Help would be much appreciated帮助将不胜感激

So let's try to walk through this instead of just throwing some code at you.因此,让我们尝试逐步完成此过程,而不是仅仅向您抛出一些代码。

The first element we want to get rid of is the newline.我们要删除的第一个元素是换行符。 So we could start with something like:因此,我们可以从以下内容开始:

ex_dict = {"a": ["\n\n", "\n"]}

for x in ex_dict:
    new_list = [e for e in ex_dict[x] if "\n" not in e]
    ex_dict[x] = new_list

If you run that, you'll see that we now filter out all new lines.如果你运行它,你会看到我们现在过滤掉了所有新行。

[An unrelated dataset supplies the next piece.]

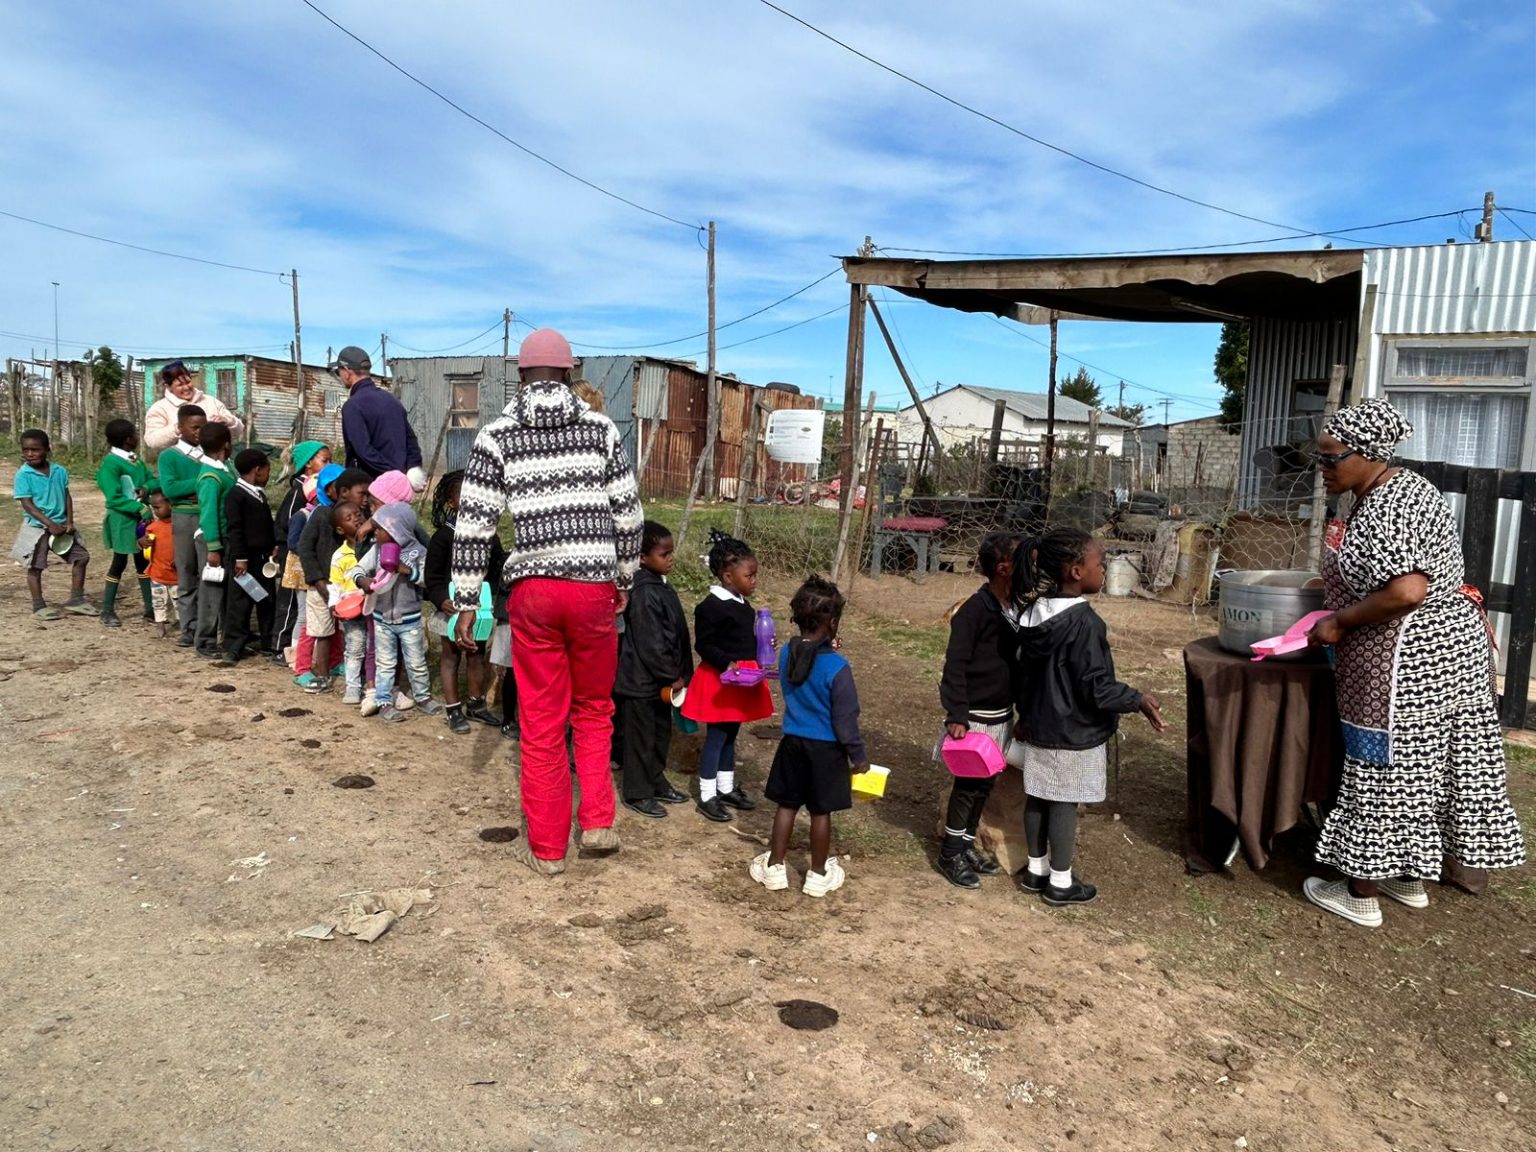 Limise Gagayi feeding the children. Photo: Mmathabo Maebela

Now we have the following cases:现在我们有以下情况:

Home | Sam ModelInc
Skip to main content
Home | Going to start inc
Brands
About Us
Syndication
Direct Response

According to your expected output, you want to lowercase all words and remove non-alphabet characters.根据您预期的 output,您希望将所有单词小写并删除非字母字符。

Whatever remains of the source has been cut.